Donald Barthelme's use of the list
alice malice
alicewmalice at gmail.com
Tue Apr 8 04:34:20 CDT 2014
Realism for Everyone
by Dan Piepenbring
Donald Barthelme would've been, and should be, eighty-three today. It
would be an exaggeration to say that I feel the absence of someone
whom I never met--someone who died when I was three--but I do wonder,
with something more than mere curiosity, what Barthelme would have
made of the past twenty-odd years. These are decades I feel we've
processed less acutely because he wasn't there to fictionalize them:
their surreal political flareups, their new technologies, their
various zeitgeists and intellectual fads and dumb advertisements. Part
of what I love about Barthelme's stories is the way they traffic in
cultural commentary without losing their intimacy, their humanity.
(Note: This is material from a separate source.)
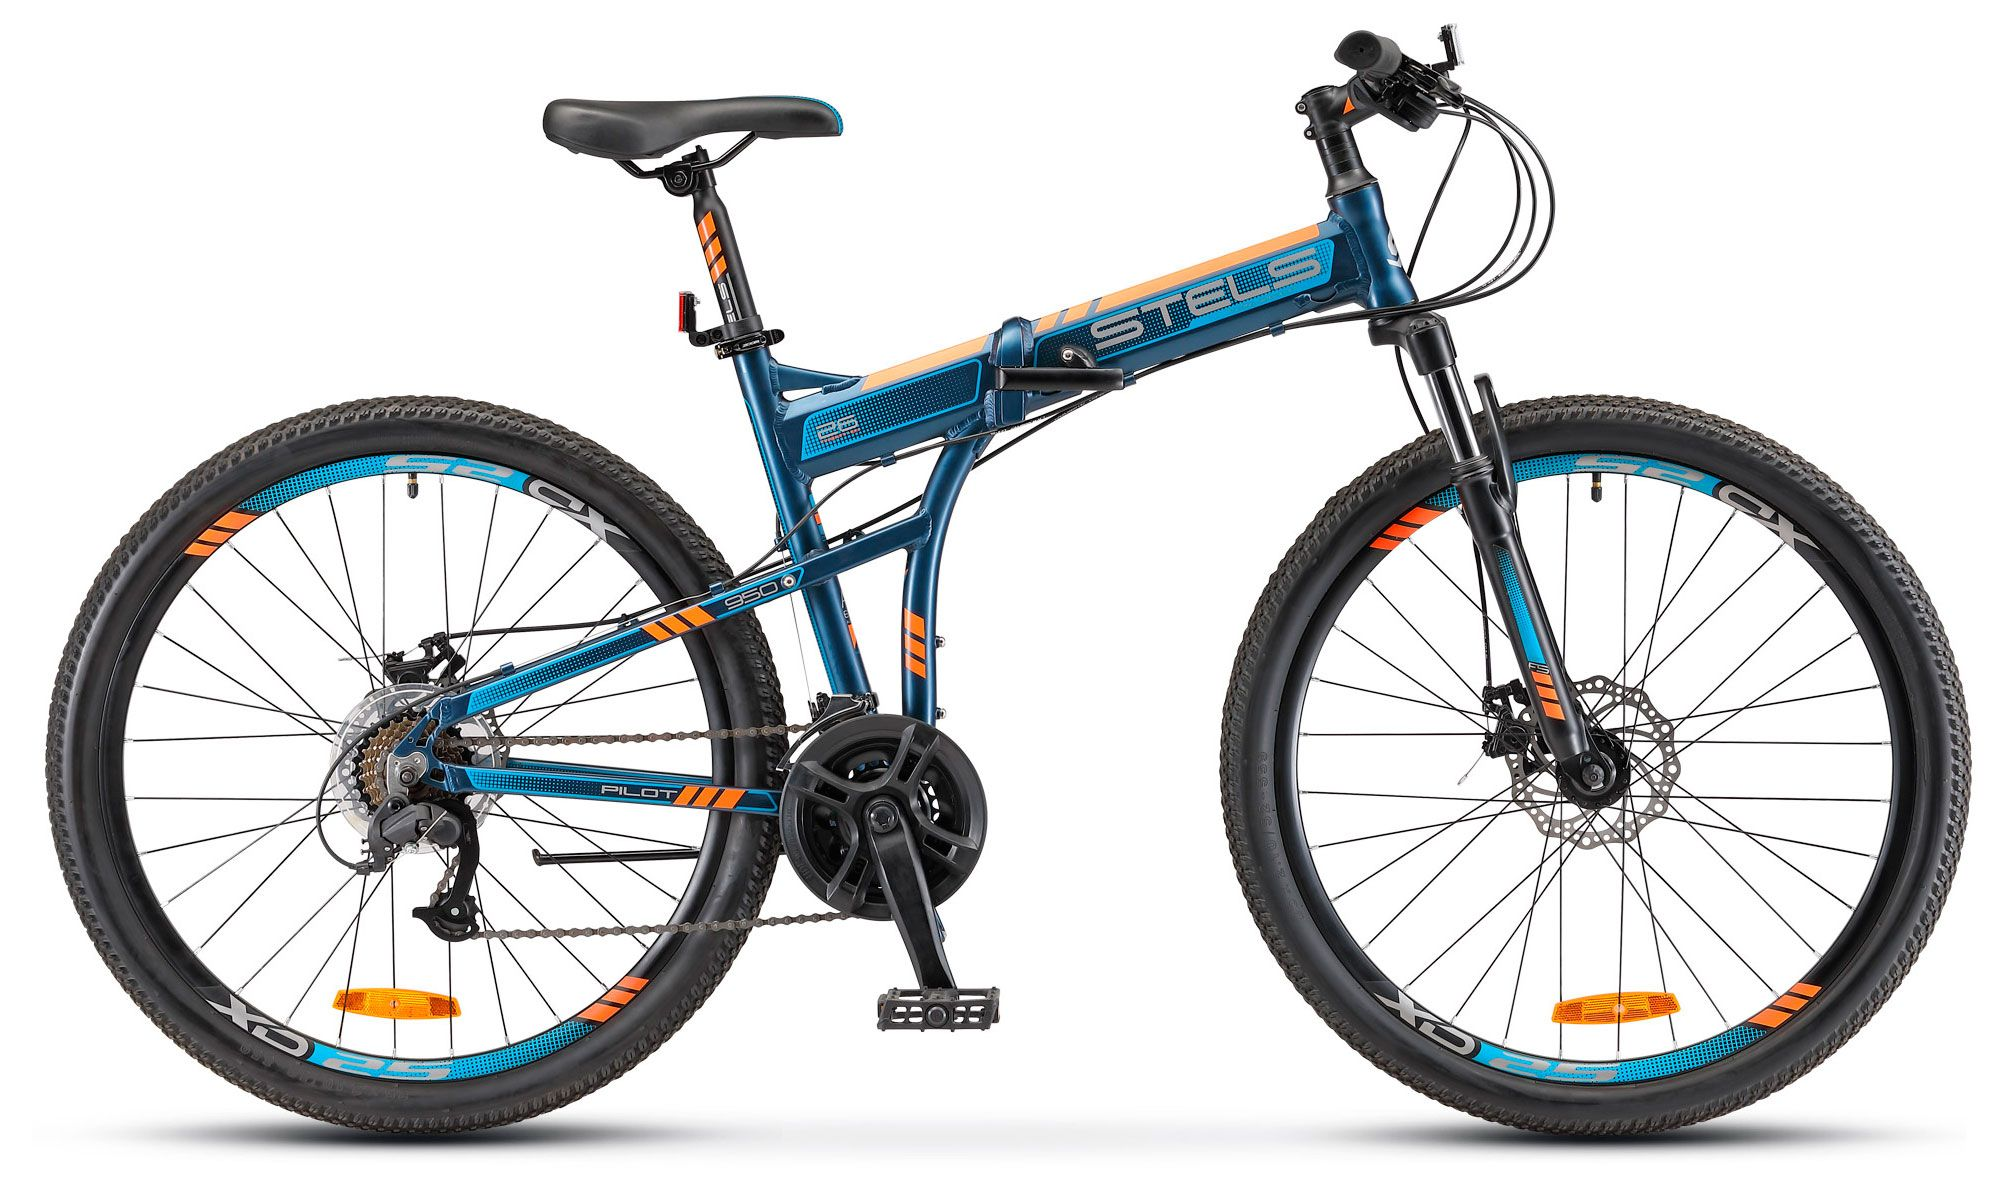 Велосипед Stels Pilot 950 MD 26 (V010) 2018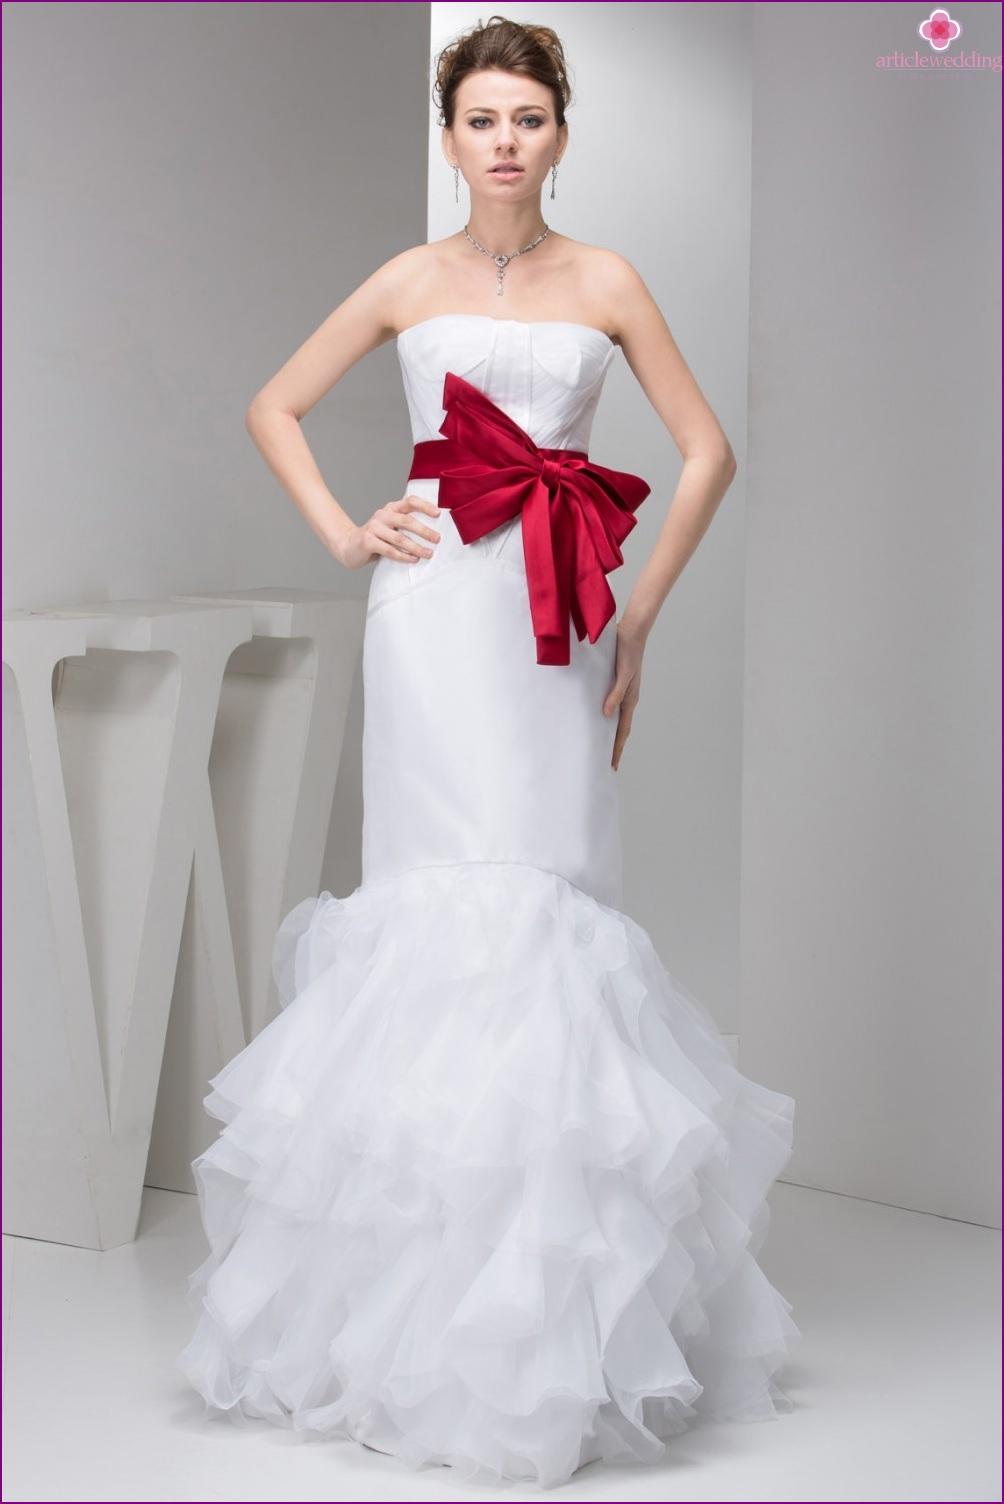 Bright belt on the dress

They feel something like channel-surfing with your favorite uncle;
he's running his mouth the whole time, but he's running it
brilliantly, he's interlarding his commentary with sad, sharp stories
from his own life, and you're learning, you're laughing, you're
feeling, because he's putting the show on for you, lovingly, his dear
nephew.
But I'm losing the thread. My point is not to reveal a secret wish
that Barthelme was my uncle.
I wanted to say something about lists. Barthelme was a master of many
things, but one of them was, of course, the list--the man could make a
prodigious inventory. I don't mean to be glib when I say that.
List-making is often dismissed as sloppy writing, but in Barthelme's
hands, a list never functions as an elision or a cheap workaround; he
makes marvelous profusions of nouns, testaments to the power of
juxtaposition. His lists feel noetic--they capture the motion of a mind
delighting in how many things there are, and how rampantly they're
proliferating, and how strangely they collide in life, when they do.